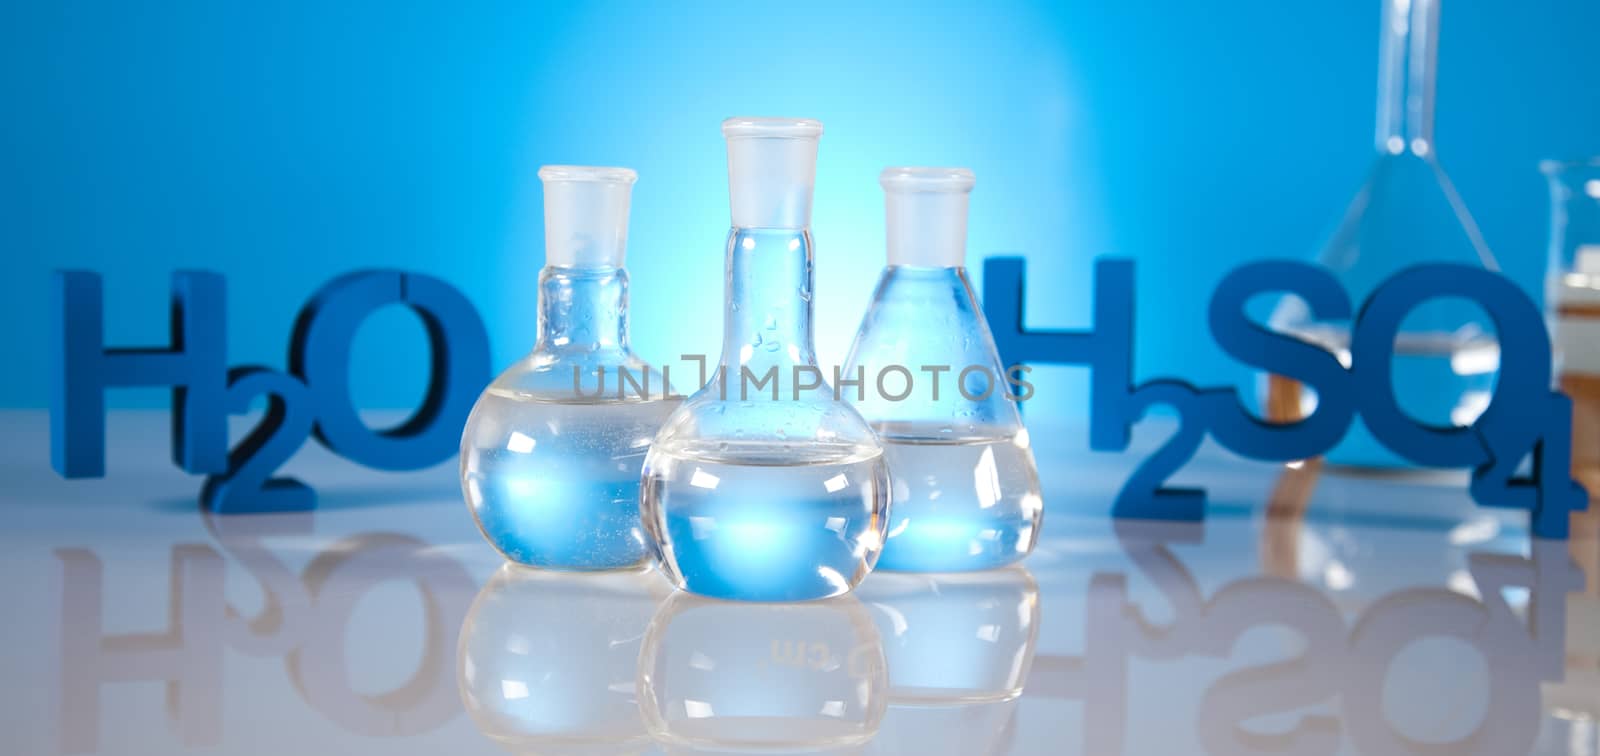 DNA molecules, atom, Laboratory glassware
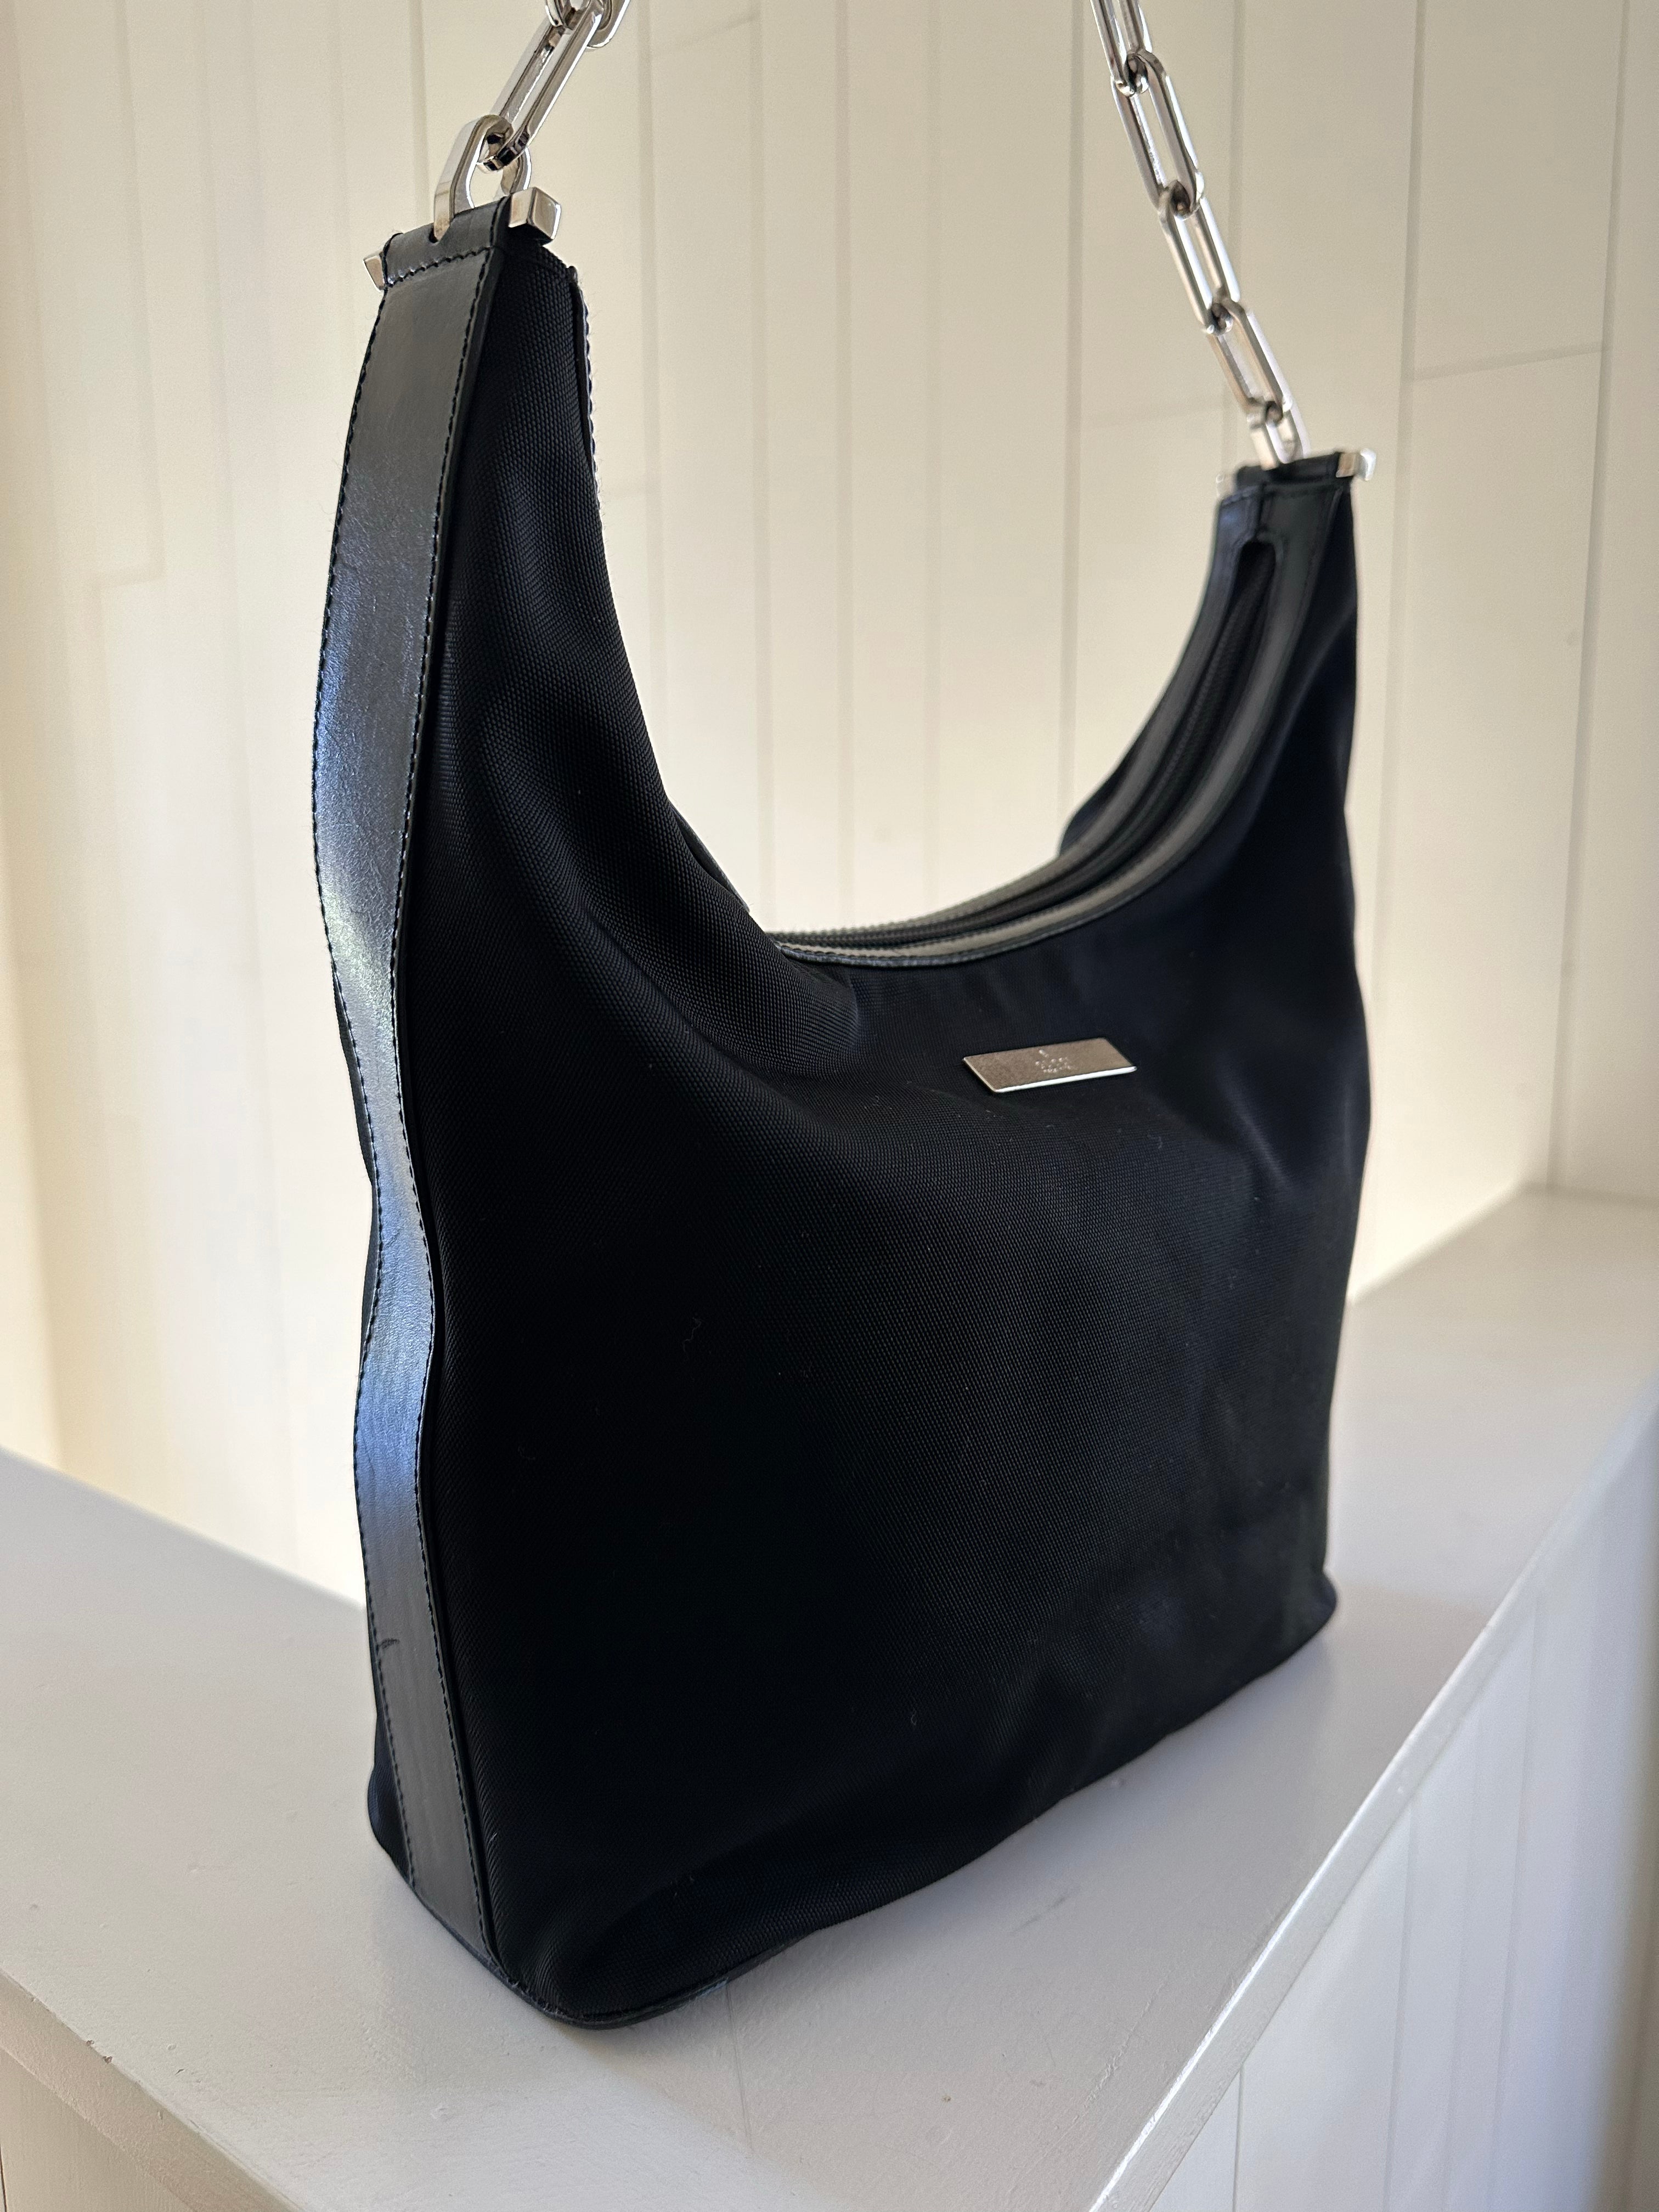 Cromia Gold Metallic & Leather Handbag Shoulder bag Purse - Ruby Lane
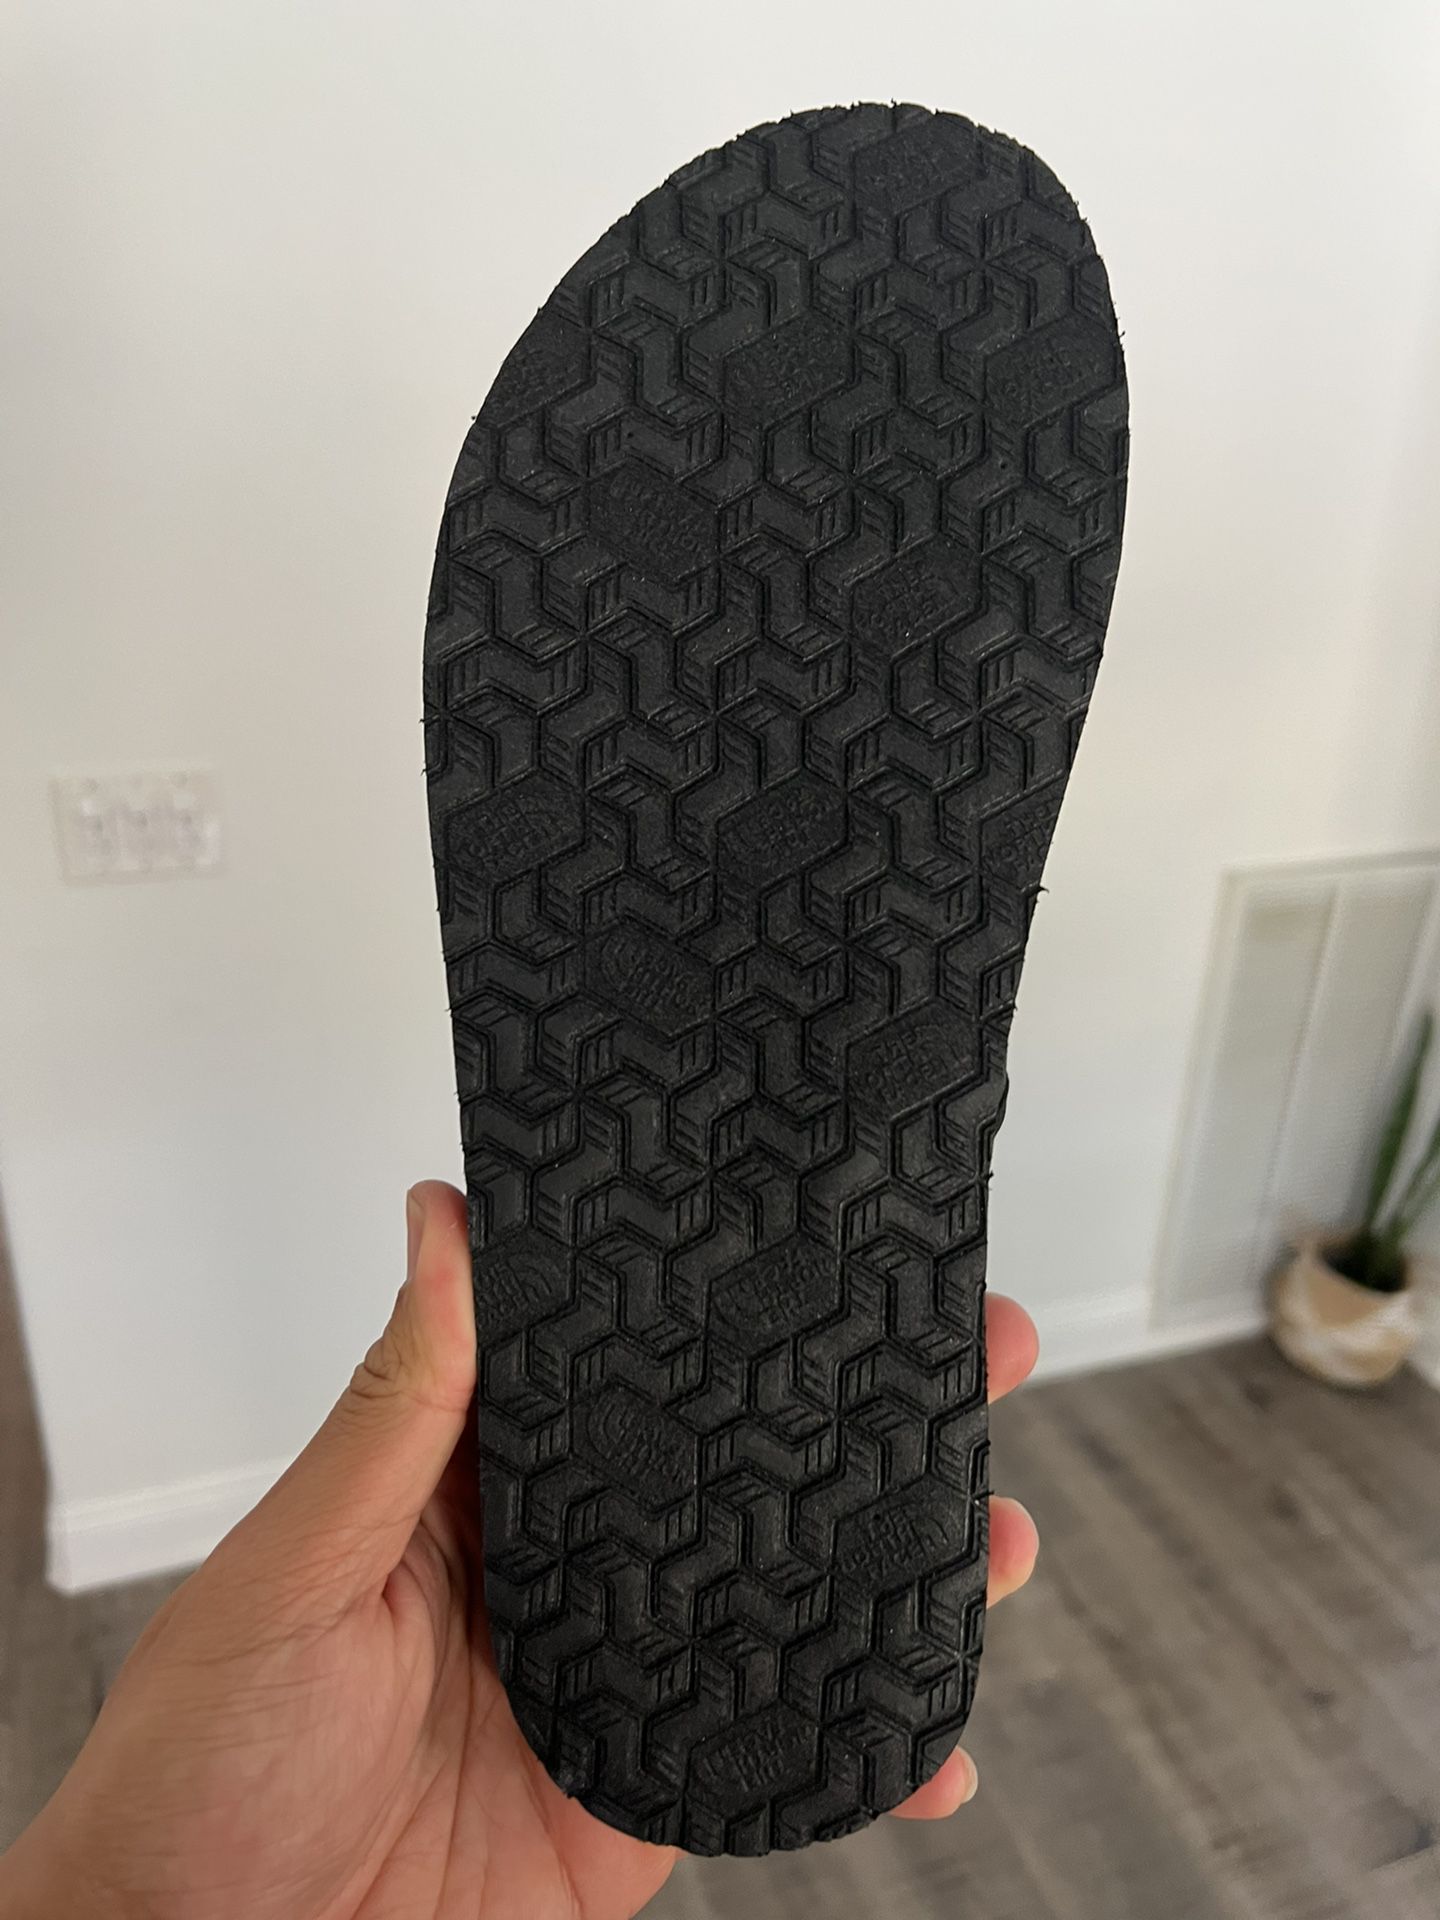 Supreme / North Face Trekking Sandals Size 10

### DIRECTIONS FOR THIS TASK
Please transcribe the whole listing above exactly, with the images left out.

### RESULT OF THE EXERCISE
 DNA molecules, atom, Laboratory glassware
 Cromia Gold Metallic & Leather Handbag Shoulder bag Purse - Ruby Lane
 Supreme / North Face Trekking Sandals Size 10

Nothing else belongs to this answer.